Tudo isto e outros aspectos têm que ser considerados. No entanto, é importante que uma boa estratégia seja logo definida, caso contrário, há o risco do surgimento da chamada "empresa fracassada permanentemente" (em inglês estas empresas são denominadas “PFOs” ou "permanently failing organizations"). Há algumas PFOs por aí. Elas podem sobreviver ou se arrastarem por anos a fio, mas com saúde financeira e organizacional deploráveis.

Para não ser uma PFO, o bom e velho Porter sugere algumas estratégias, todas elas aplicáveis aos negócios dos dias de hoje. A escolha de uma ou outra depende da situação da empresa no mercado, especialmente no que se refere aos pontos já discutidos.

Para começar, é importante que esses pontos discutidos e certamente outros indiquem ao gestor se, apesar das circunstâncias, a estrutura do declínio é favorável. Isto pode ocorrer, por exemplo, quando a incerteza não é tão grande, as barreiras de saída não são altas e quando há pontos fortes que a empresa apresenta em relação aos seus concorrentes. Depois desta análise, fica mais fácil tomar a decisão sobre qual das quatro estratégias indicadas deve ser adotada.

A primeira estratégia é buscar a liderança em termos de participação de mercado. A idéia é tirar vantagem do declínio do setor para assumir a ponta, considerando que seja viável se obter lucro nesta situação. A segunda estratégia possível é a de nicho, ou seja, criar e defender uma forte posição em um determinado segmento mais atrativo do que a média do setor em declínio.

A terceira possiblidade é a estratégia de colheita, ou seja, fazer uso dos pontos fortes da empresa e gerenciar o desinvestimento de forma controlada. Desta forma, a empresa elimina ou restringe novos investimentos, corta cautelosamente os custos de manutenção de suas instalações, procura utilizar os seus pontos fortes para aumentar o valor e o preço de seus produtos ou reduzir o custo ou nível de serviços, a depender das necessidades do cliente, podendo enxugar o seu portfolio, limitar canais utilizados, dentre outras medidas.

Por fim, a última estratégia sugerida sugerida por Porter é desinvestir rapidamente. A idéia é vender o negócio tão logo o declínio seja detectado, o que geralmente maximiza o valor que a empresa poderia realizar nestas situações. O motivo é que, neste caso, haveria incerteza acerca da ocorrência ou não do declínio e, assim, pode haver investidor que faça uma boa aposta na reversão, fazendo a aquisição do negócio.

“O melhor fim é aquele que dá início a um novo ciclo de negócios”

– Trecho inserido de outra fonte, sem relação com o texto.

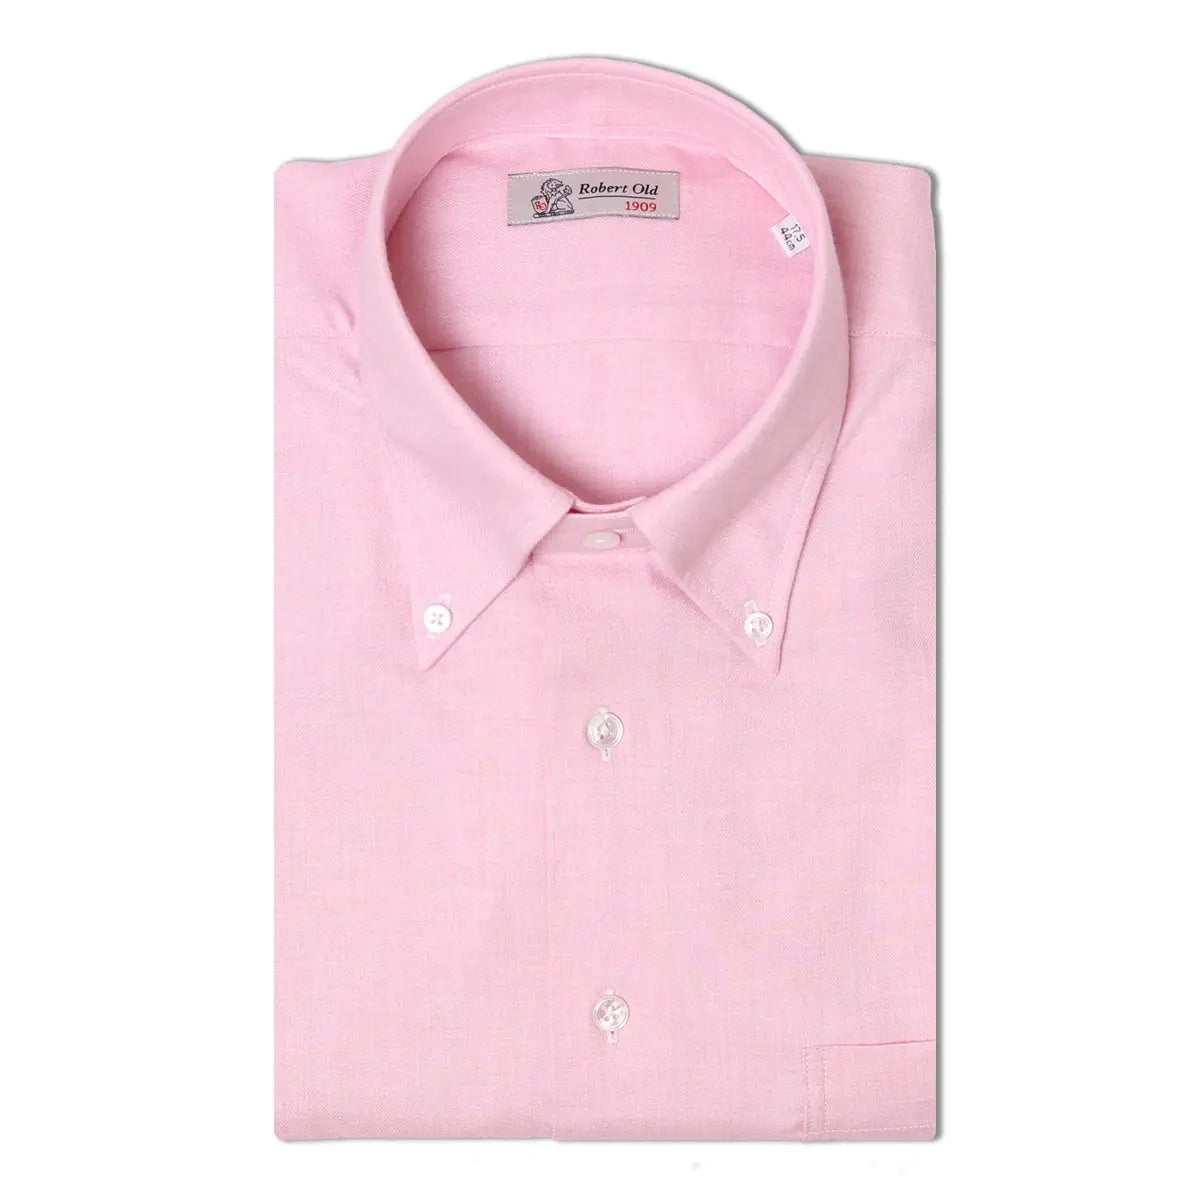 Rose Quartz Pink Cashmerello Long Sleeve Shirt  Robert Old   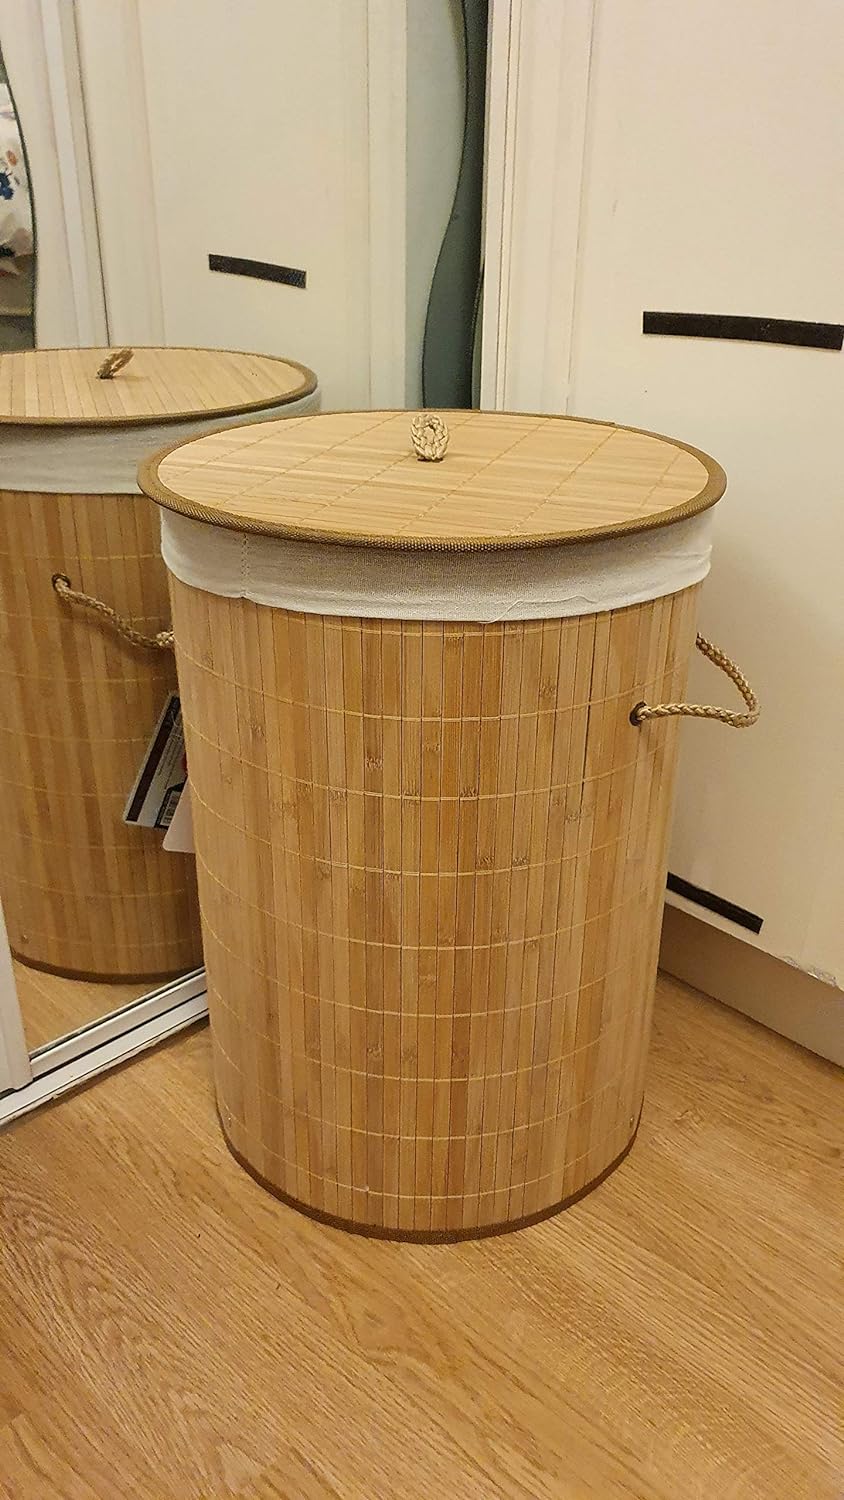 ADEPTNA Eco Friendly Round Bamboo wooden Folding Laundry Basket

O melhor fim é aquele que dá início a um novo ciclo de negócios, sem a necessidade de se fechar as portas, demitir empregados, deteriorar relações com clientes, ficar devendo a fornecedores e credores, denegrindo a imagem da organização e de seus profissionais. O seguinte quadro resume as estratégias indicadas para aumentar as chances de sucesso em cada condição de mercado identificada pelo gestor.

Bom seria se a nossa morte pudesse ser de fato bem gerenciada por nós como é possível gerenciar a morte das organizações. Certamente a Dra. Claudinha pode nos ajudar a cuidar bem de nossa sobrevivência e do nosso fim. Pesquiso, estudo e compartilho conhecimento especificamente para que cuidemos bem da sobrevivência das organizações. Creio ser fundamental cuidar da saúde dos negócios e consequentemente do bem estar das pessoas que deles dependem, sejam empreendedores, investidores, clientes, fornecedores, funcionários, familiares e outros que direta ou indiretamente podem sofrer com a morte organizacional.

Que os nossos ocasos e os das organizações ligadas a nós aconteçam quando estivermos fartos de dias. Tenho fé que triunfantes vitórias virão através de estratégias bem sucedidas, fruto do nosso conhecimento, trabalho, esforço, talento e graça de Deus.